Question about ltree....

From: "Greg Saylor" <gsaylor(at)integrated-support(dot)com>
To: <pgsql-general(at)postgresql(dot)org>
Subject: Question about ltree....
Date: 2004-10-26 13:31:46
Message-ID: 20041026133146.12893@mail.net-virtual.com
Views: Raw Message | Whole Thread | Download mbox | Resend email
Thread:
Lists: pgsql-general

Hello,

First let me thank Mike for his earlier suggestion that I consider using
ltree - it really is working very nicely!...

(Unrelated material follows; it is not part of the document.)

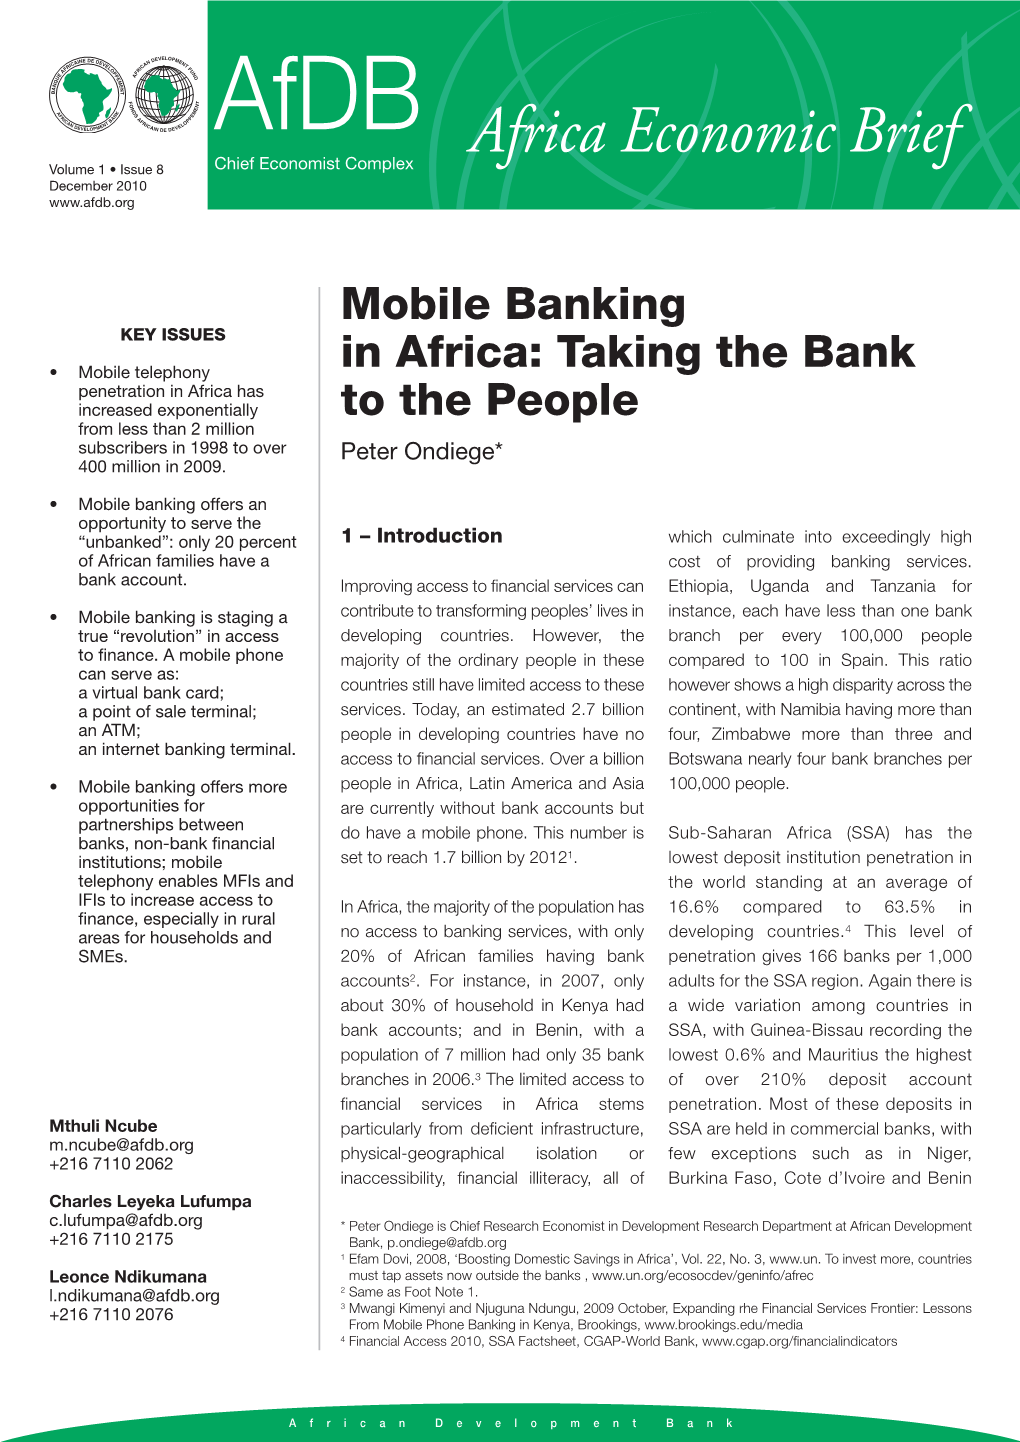 Mobile Banking in Africa
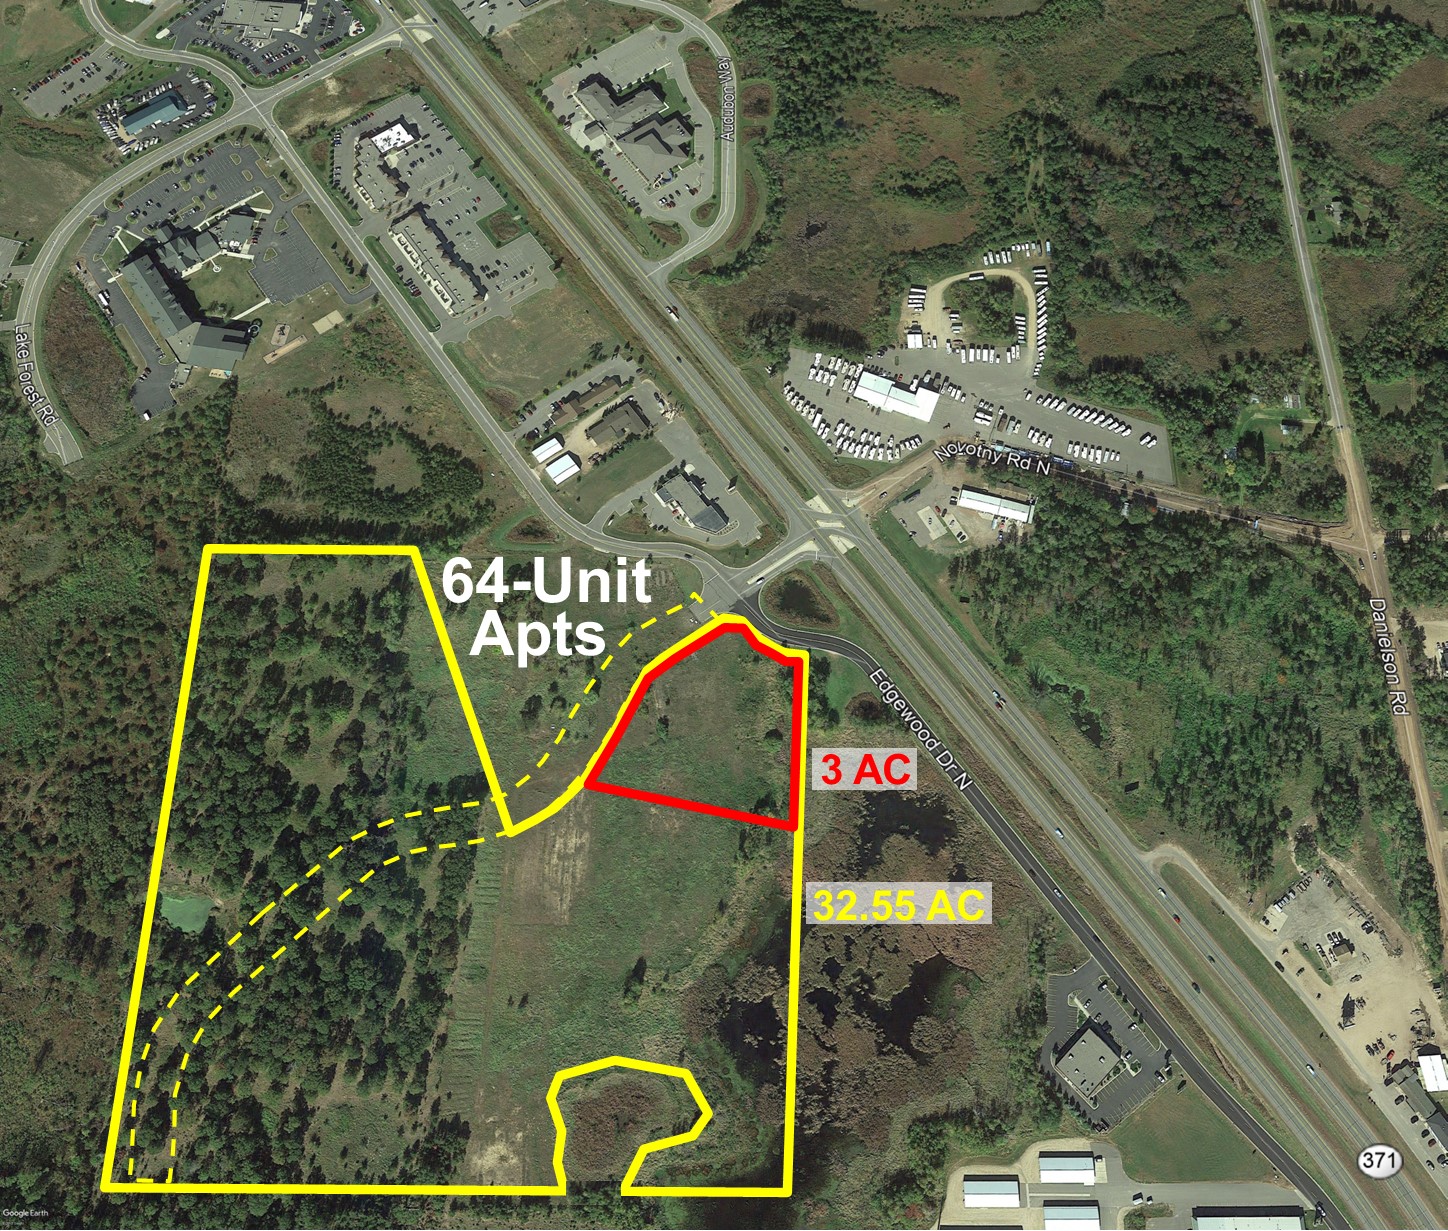 Hwy 371 Commercial Acreage (32.55 AC)

I do have a question about performance/design though...

I have a table like this:

CREATE TABLE sometable (
id SERIAL,
category0 LTREE,
category1 LTREE,
category2 LTREE
);

CREATE INDEX sometable_category0 ON sometable USING gist(category0) WHERE
category0 IS NOT NULL;
CREATE INDEX sometable_category1 ON sometable USING gist(category1) WHERE
category1 IS NOT NULL;
CREATE INDEX sometable_category2 ON sometable USING gist(category2) WHERE
category2 IS NOT NULL;

... The idea is that every row in sometable can be assigned to 1, 2, or 3
categories of a users choosing....

I essentially have categories like this:
a
a.a
a.a.a
a.a.a.a
a.a.a.b
a.a.a.c
a.a.b
a.a.b.a
a.a.b.b

... so the categories are essentially 3 levels deep (not counting the top
level) - in my test case I have about 4300 rows of data in this table.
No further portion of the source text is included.